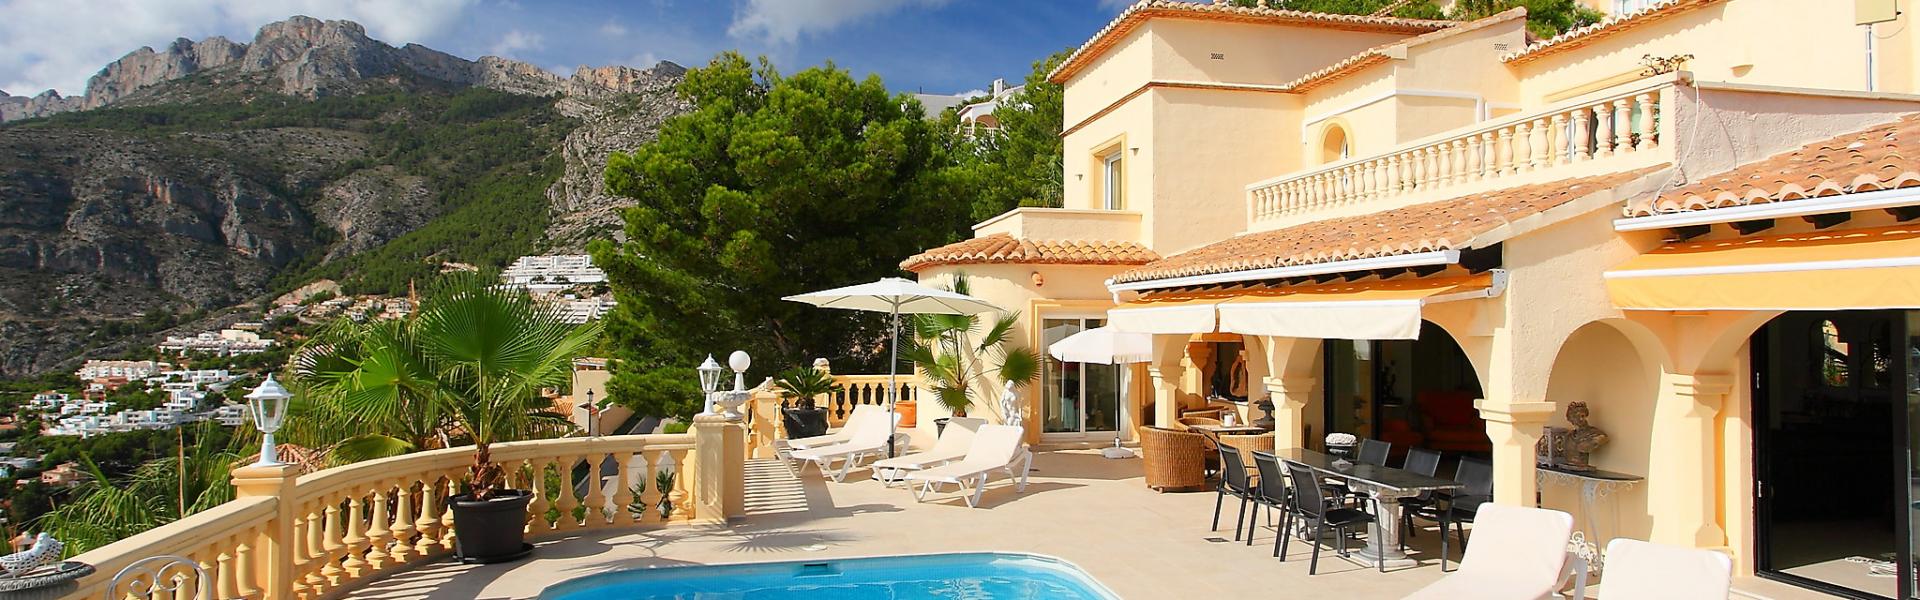 Vakantiehuis in Frankrijk met zwembad - HomeToGo
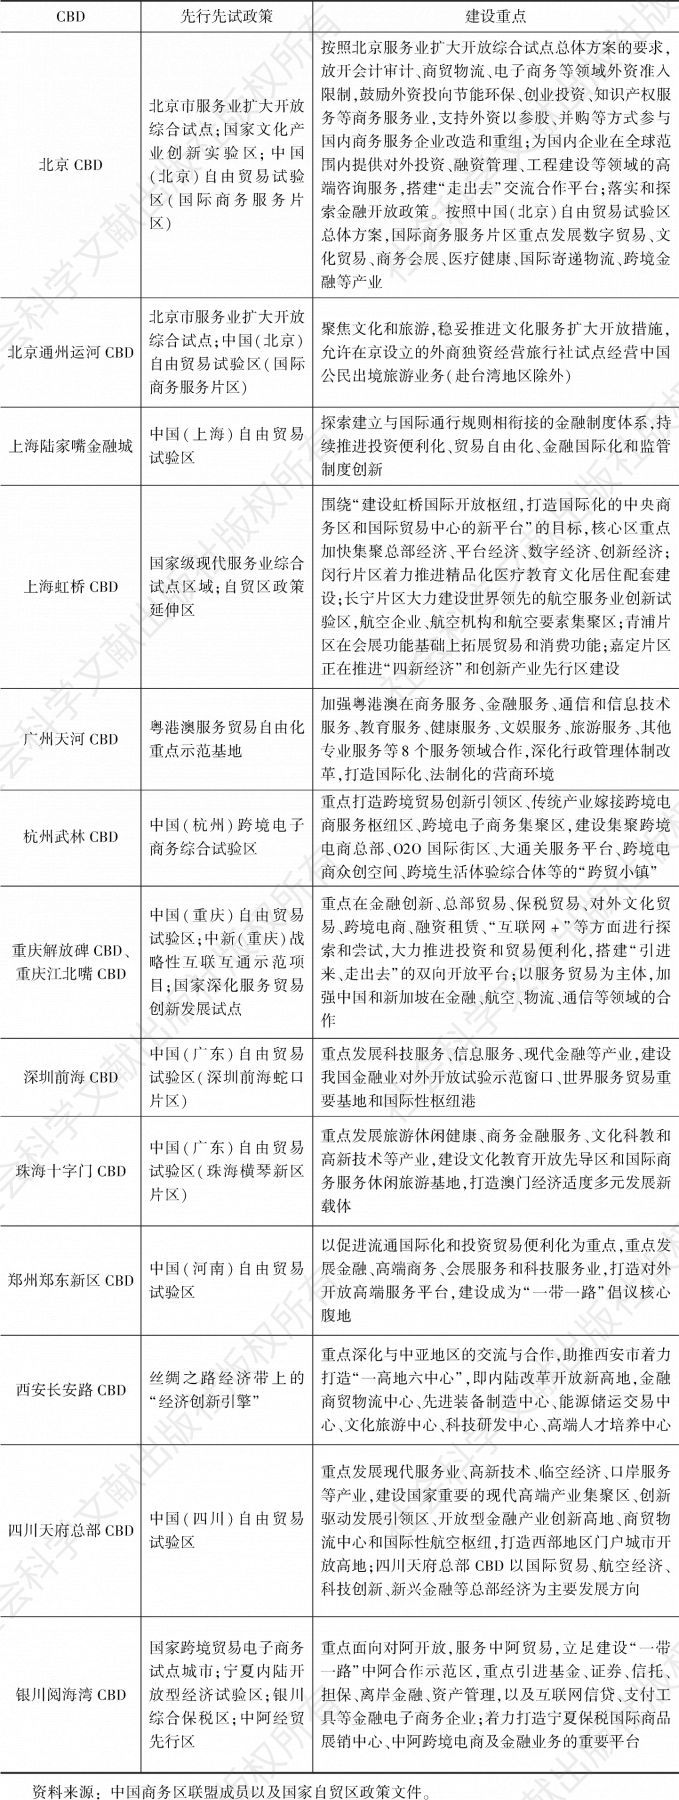 表2 2019年中国部分CBD服务业开放先行先试情况
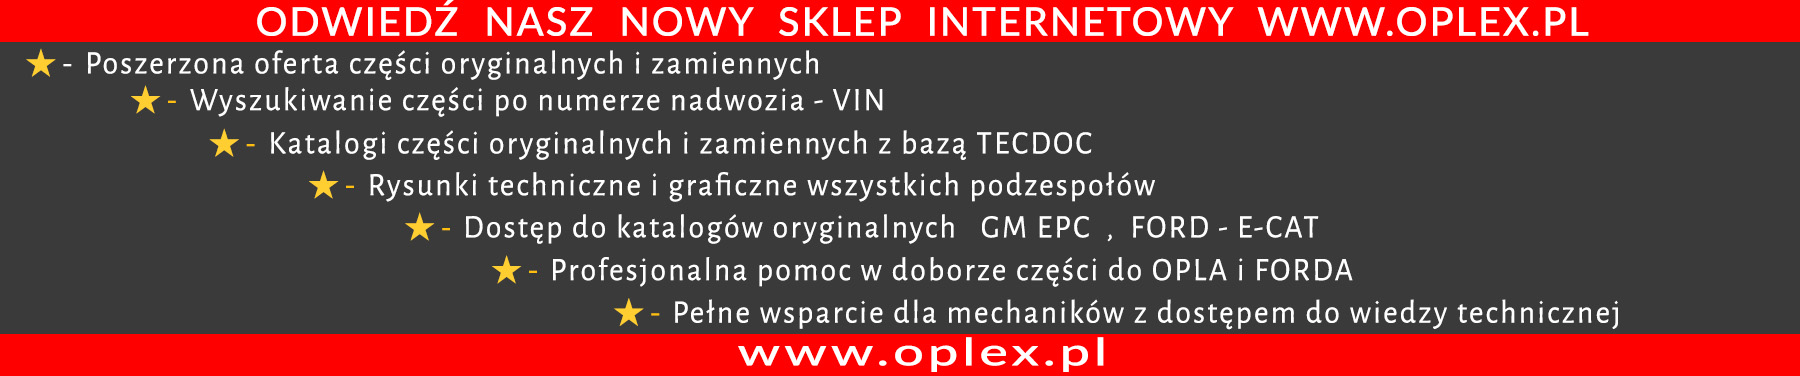 sklep internetowy Oplex.pl 
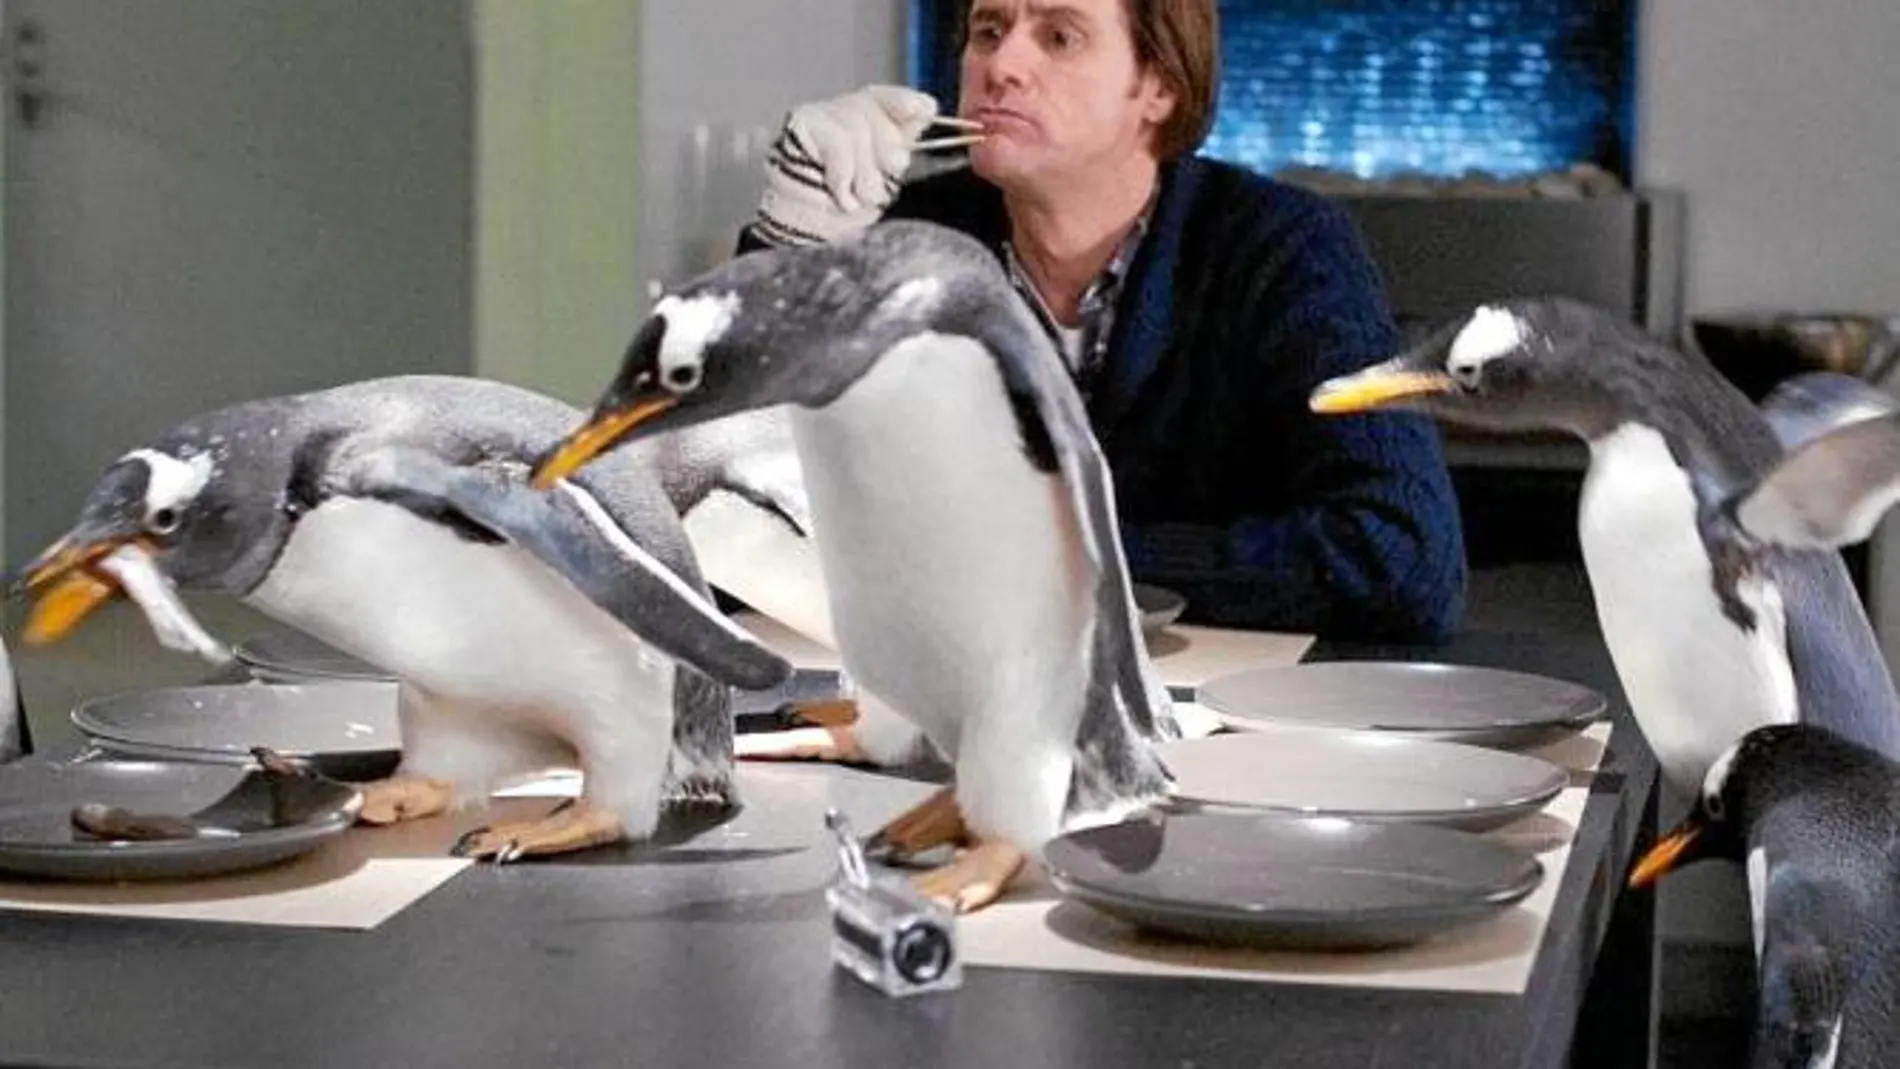 HERENCIA. El actor, uno de los cómicos más taquilleros, recibe a unos pingüinos como legado
* * * * * * * * *
### About this task
Any images must be left out; transcribe the rest of the material exactly.

### Result of this task
 Vakantiehuis in Frankrijk met zwembad - HomeToGo
 表2 2019年中国部分CBD服务业开放先行先试情况
 sklep internetowy Oplex.pl 
 HERENCIA. El actor, uno de los cómicos más taquilleros, recibe a unos pingüinos como legado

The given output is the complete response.